Rating System
Rating System
At the coreboot summit in Denver we talked about a rating system for supported boards. The idea is to make it clear which boards are most highly recommended because the vendors cooperate.
To get to such a rating for a particular board, we should establish a list of categories with an associated score. Each fulfilled criteria should be easily verifiable as a yes or no answer. There should be no subjective elements to the rating system - only measurable criteria should be used to avoid bias or favoritism.
Adding up the scores for the major components on a board (cpu, chipsets, mainboard, others?) would give us a rating that results in a number of 'stars'.
Some ideas for those categories:
- availability of documentation (nothing/NDA restricted == 0, NDA but free to publish code == 3, online with click through == 7, public URL == 10)
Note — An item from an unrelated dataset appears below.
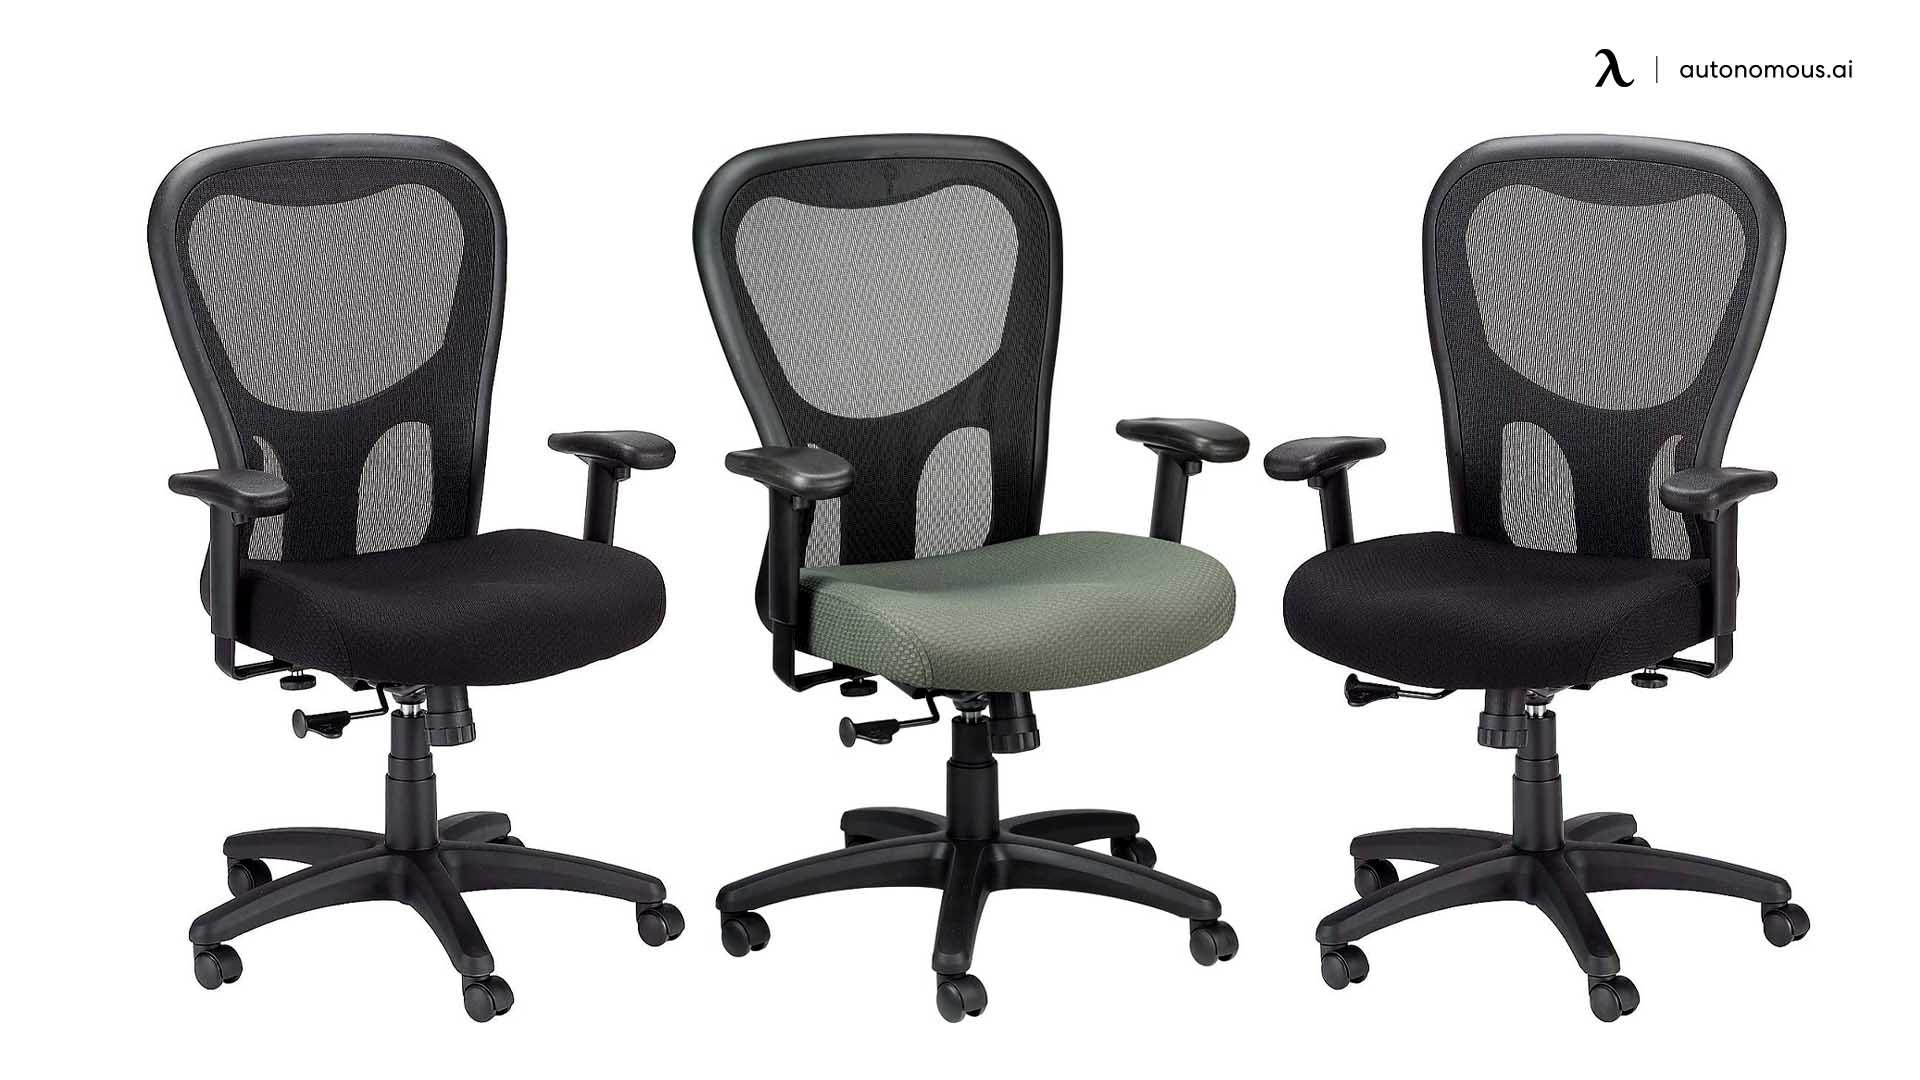 Tempur-Pedic TP9000 Mesh Ergonomic Chair

- There should be multiple categories of documentation (register set, BIOS programming guide, errata, schematics or pinouts (for motherboards)
- vendor participation in the coreboot project
- How to quantify?
- Availability of example and support code
- ACPI tables
- "Hackability"
- LPC header, JTAG header, BIOS socket, etc.
- Should we dock a board because it requires soldering or a difficult process for flashing coreboot?
- ...
As we list boards, we should also make it clear if a board is actually available for purchase. A board might get a high rating, but be unavailable for purchase, in which case it should be carefully marked as such. Board availability will change over a board's lifespan.
Should we provide a separate rating for coreboot support (i.e. the stuff above) and how good our code actually is?